At ten past midnight Julian D'estry -- he had added the apostrophe to impress clients -- poured himself another glass of Chardonnay and waved the bottle at the lithe blonde who lay, supine, on the adjacent sunlounger.

    Monica Belman shook her head. `I'm going for another swim.' She sat up and reached across to touch Julian's bare stomach.

   Her hand slid lower but he grabbed it before it reached its target. `Not now.'

    Monica pouted in exaggerated disappointment. `What's the matter?'

    `I'm a bit stressed out. Busy week.'

    `That's why we come down here. To relax ... to get away from all that. Come on. What's wrong?' She knelt up on her sunlounger and began fumbling with the back of her bikini top. `I know the perfect cure for stress.'

    `What?'

    `Wait and see.' She discarded her top and slipped elegantly out of her bikini bottom -- something most women are incapable of doing with any panache. Then she approached the edge of the pool and, after looking over her shoulder to make sure Julian was taking in the view, plunged her slender, naked body into the chlorinated blue waters of Worthy Court's communal indoor swimming pool.

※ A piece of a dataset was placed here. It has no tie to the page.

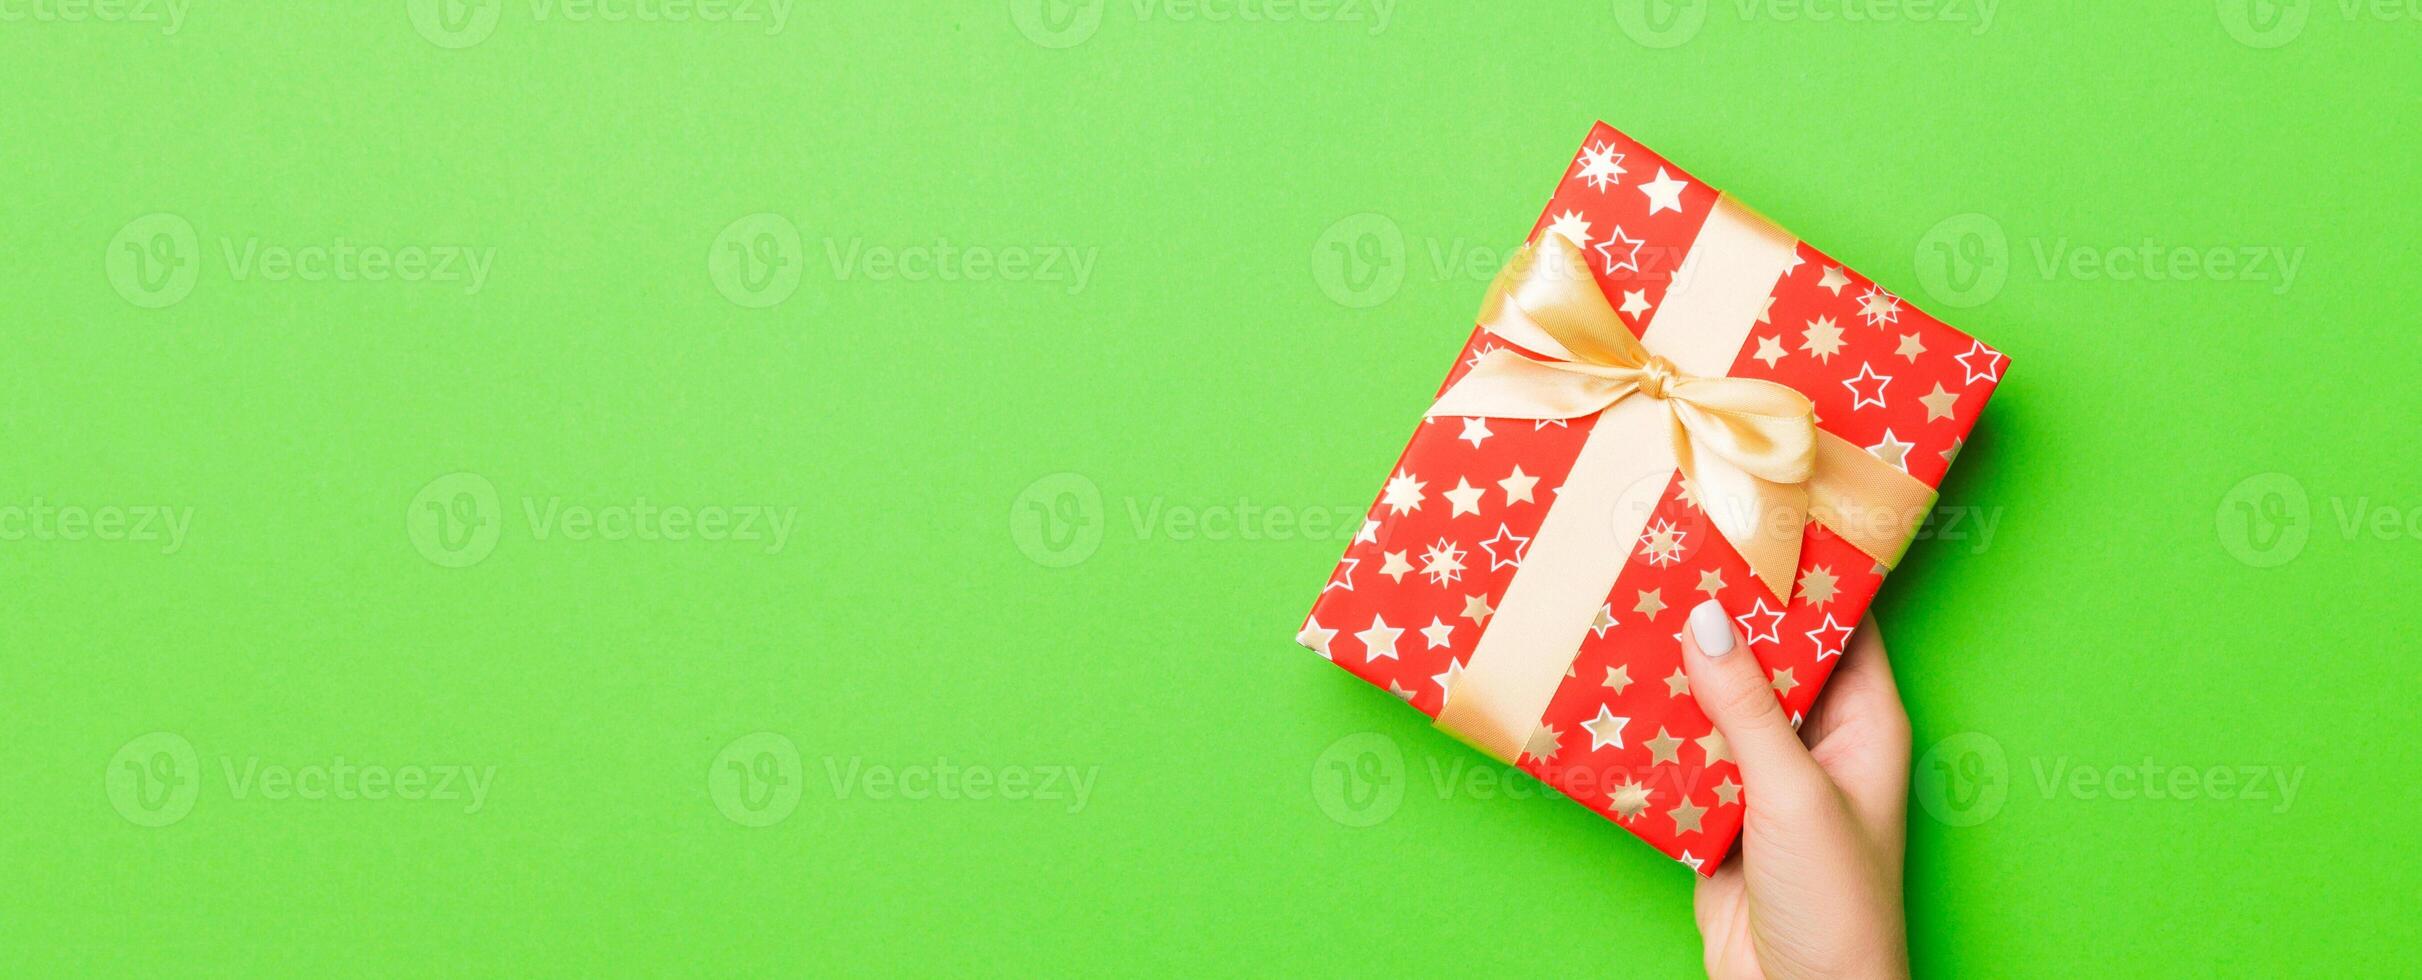 Top view of female hands holding christmas or other holiday handmade present box package in the palms, flat lay table background with copy space photo

    Julian propped himself up on his elbow and watched Monica appreciatively while he sipped his Chardonnay.

    `Put some music on,' shouted Monica from the pool, floating neatly on her sunbed-bronzed back.

    Julian obliged, placing a CD expounding the merits of `sexual healing' on the portable player by his side.

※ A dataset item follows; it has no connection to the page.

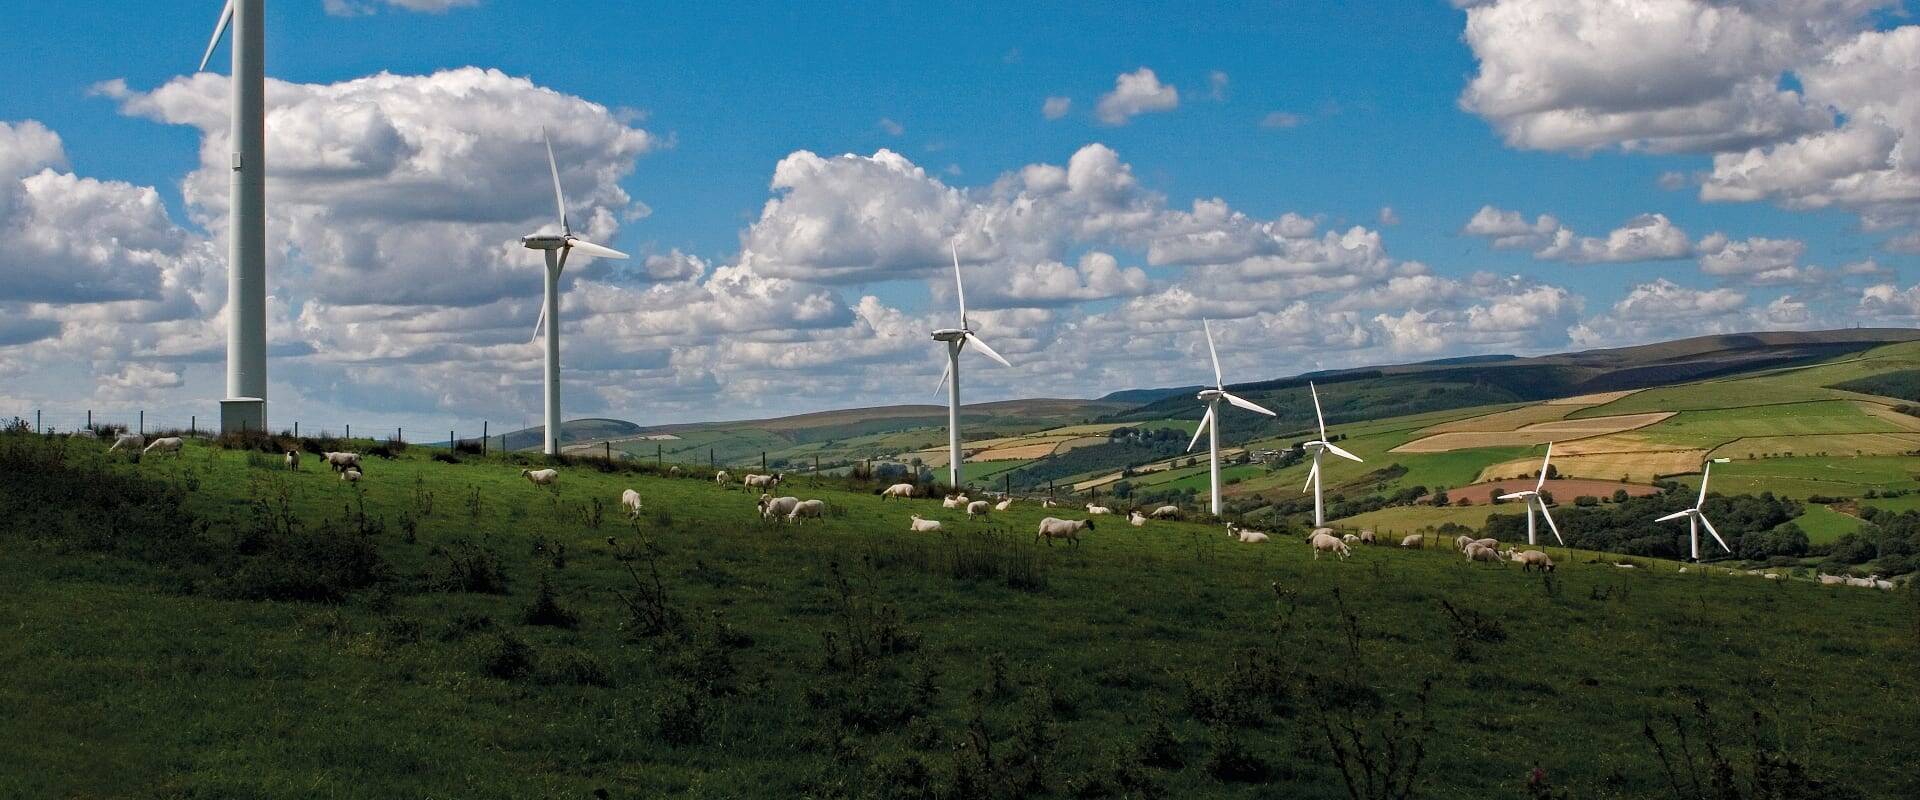 Renewables forecast to overtake fossil fuels in 2020

    `Turn it up. Right up. It'll get us in the mood.' Her voice held a cockney twang and more than a hint of erotic suggestion.

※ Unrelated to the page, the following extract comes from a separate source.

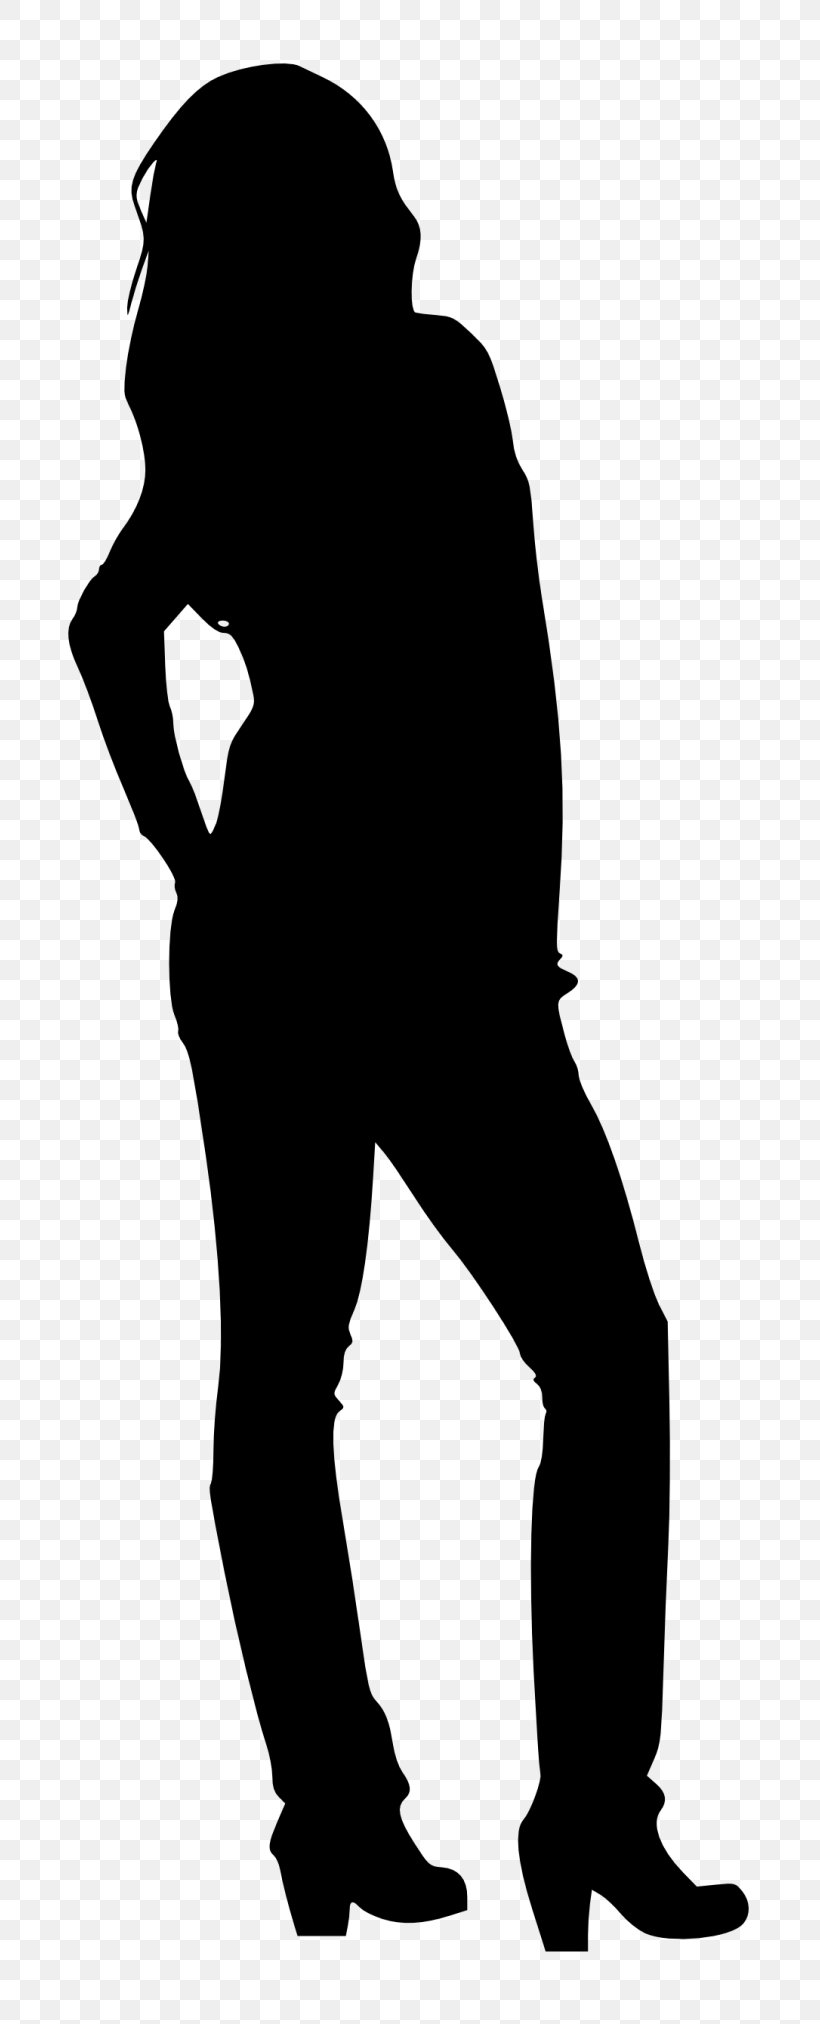 Silhouette Woman Clip Art, PNG, 768x2024px, Silhouette, Black, Black And White, Female, Fictional Character Download Free

    Julian obeyed and, after a few minutes of watching Monica frolicking mermaid-like in the water, pulled off his swimming trunks and joined her in the pool. He swam up to her and she flipped onto her back, a come-hither look in her bright blue eyes.

    `Listen to the sound quality of those little speakers -- it pays to buy the best,' he called over the suggestive rhythm.

    `What? Can't hear you over the music,' Monica replied. She had no need of conversation. She reached for Julian's arm and pulled him towards her, her hand wandering downward to discover that the mad Friday evening drive from London to Devon had taken its toll on his libido. Monica, not one to give in without a fight, attached her mouth to his as the music that echoed off the swimming-pool walls approached its inevitable conclusion.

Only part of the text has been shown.